You really ought to check out and read about the adventures of this intelligent and capable woman who is rowing the Pacific Ocean from San Francisco to Australia with stops at Hawaii, Tuvalu and then AU. it self. Roz has an interesting story to tell about how she left the business world to become an adventuress and now she seems to do rather well giving motivational speeches between rowing. Between rowing is the issue. Roz first rowed the Atlantic in a east to west "race" and it was during this soul stripping experience Roz decided her new career path. She would write a book and give talks. Also, since no woman had solo rowed the Pacific E-W, Roz set about gaining sponsor-ship for such a venture.

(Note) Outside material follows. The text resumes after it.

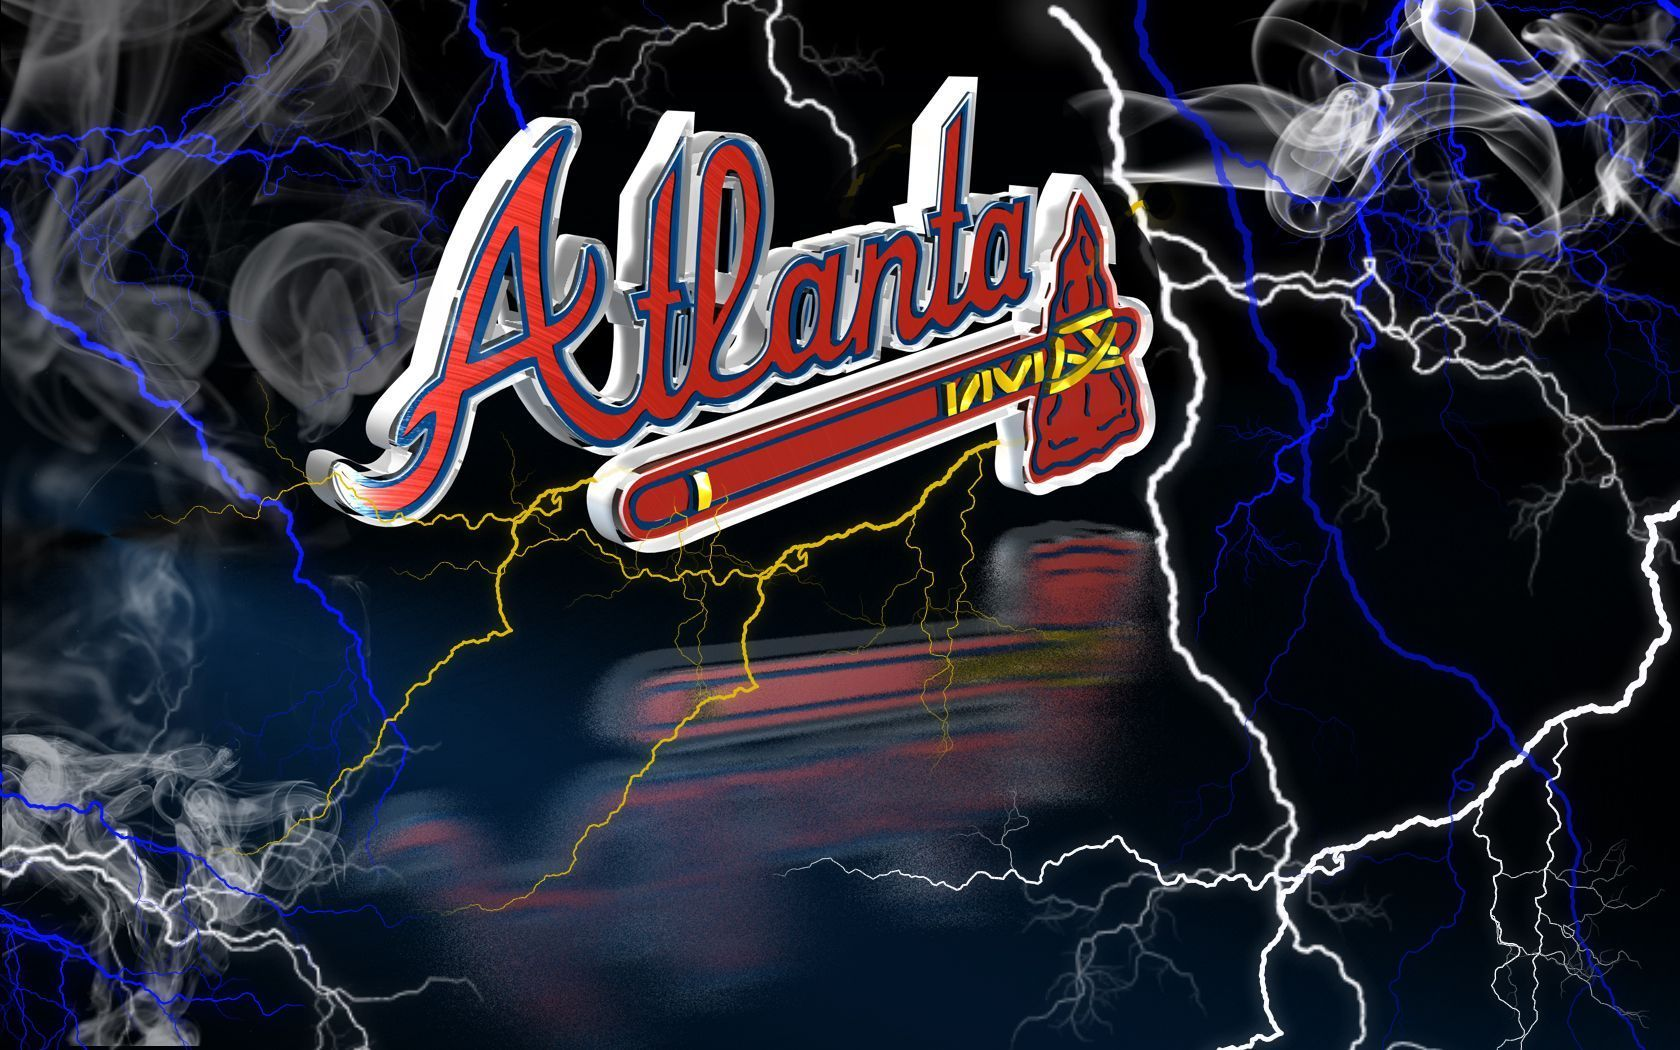 Cristiano Ronaldo Wallpaper Hd Backgrounds 506 Seo Wallpaper Wallpaper Zone Atlanta Braves Wallpaper Atlanta Braves Braves Tickets

Now I should mention that these ocean rows are done in highly specialized craft which are safe as they can be made to be and barring being sliced in two by a liner or falling overboard unattached the rower can expect to survive quite a bit of ill nature.

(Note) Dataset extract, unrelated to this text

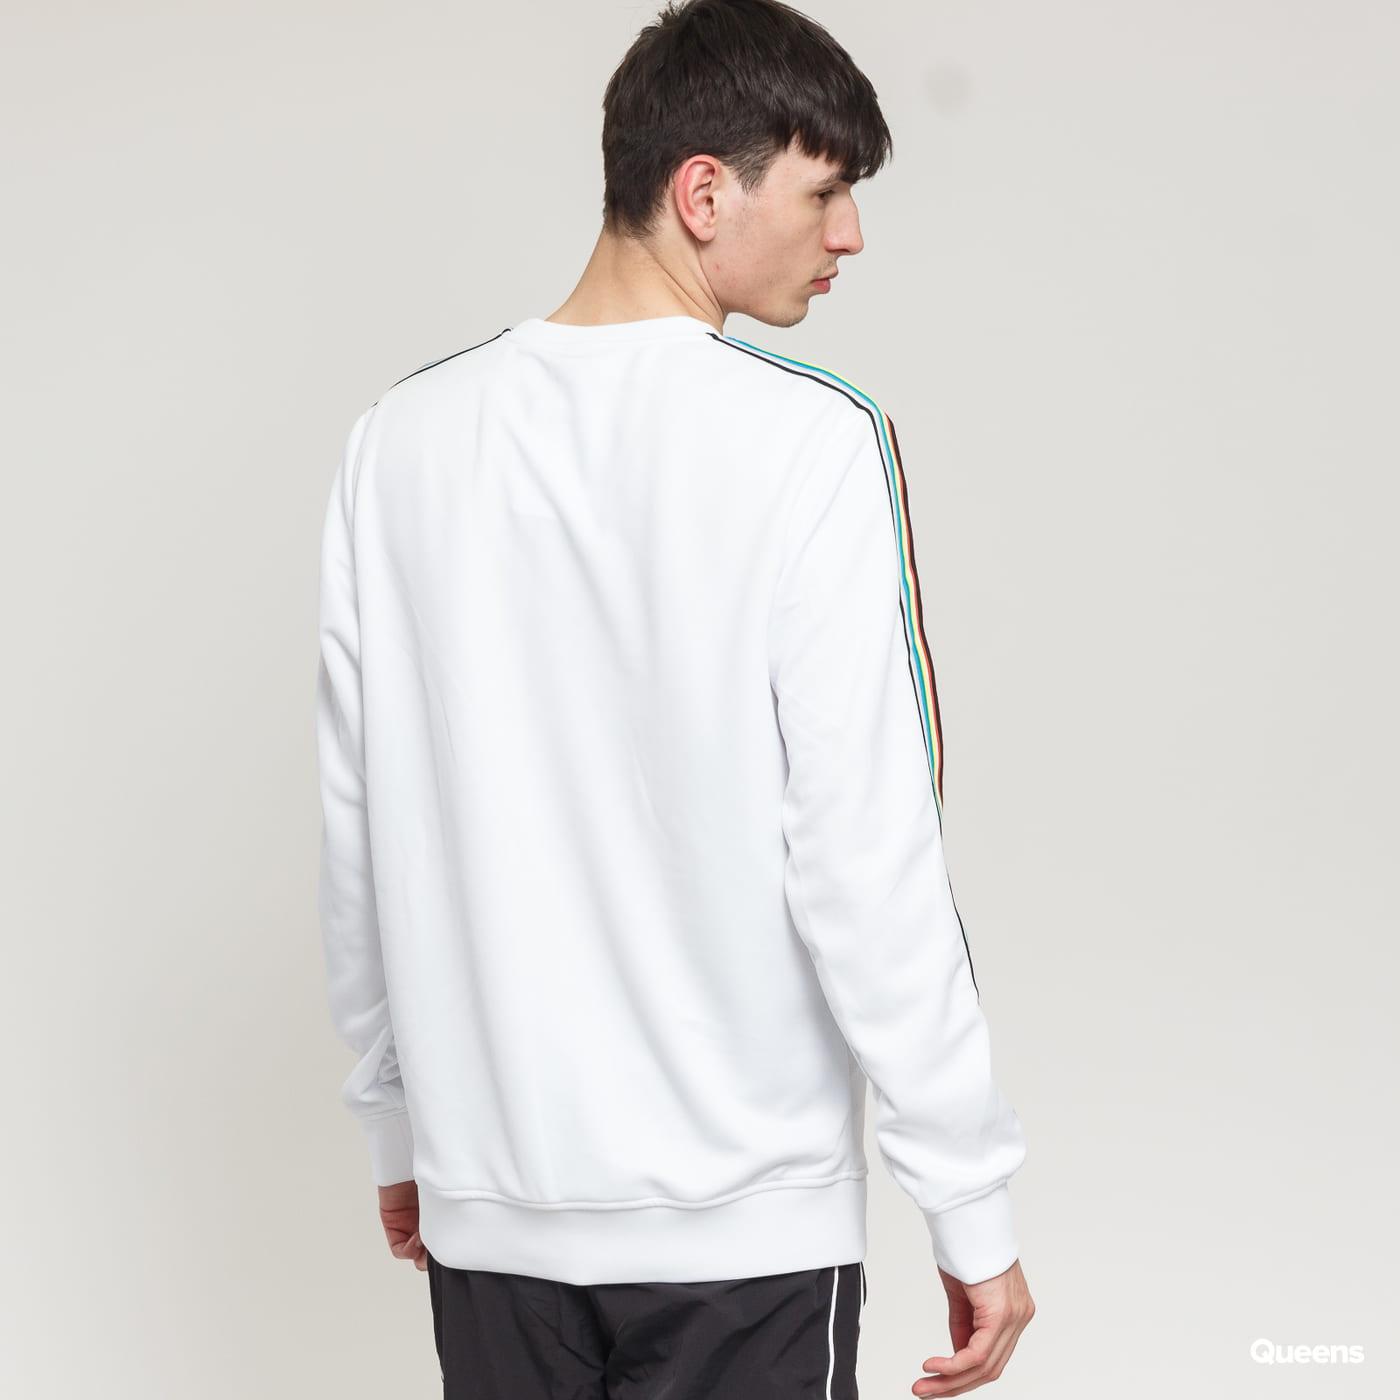 Urban Classics Sleeve Taped Crewneck weiß / multicolor

My issue comes from the rather long interludes between the hops. In fact the way things are working out, while the Atlantic Row was filled with hair raising adventure and the first attempt of the pacific row ended in having to abandon the good boat "Brocade" making the second attempt a dramatic race against the real possibility running out of water and all of us giving Roz the big cheer as she rowed into the Waikiki Yacht club. Now 6 months later step 3 has our gal pulling toward the Internet nation of Tuvalu (.tv) and while the previous two steps have had everything you would want as far as adventure, so far part 3 has been totally a matter of poor Roz's sore bum w/pictures.
OK, now here is a woman hoping to make big change giving speeches to cube dwellers or whomever has to sit through this sort of up lift, and I Texino happen to mention that "metaphorically" this row is falling as flat as the "El Mariachi" trio of films and Roz goes crazy on me. I don't know, maybe she needs to rant about how this is real life, but we are both sitting behind key boards and Roz knows nothing about my years at sea, my wartime service or career as a Fire/Rescue Officer. I figure it's only a matter of time before the her inbred British insults start and I get called a "Dreadful Little Man".

The whole nutcase problem here is I'm just making some points. I'm not trying to demean Roz Savage in any way, I just fear that she has picked up all these newbie followers who are so heavy with the saint paint that she may lose sight of the true southern cross.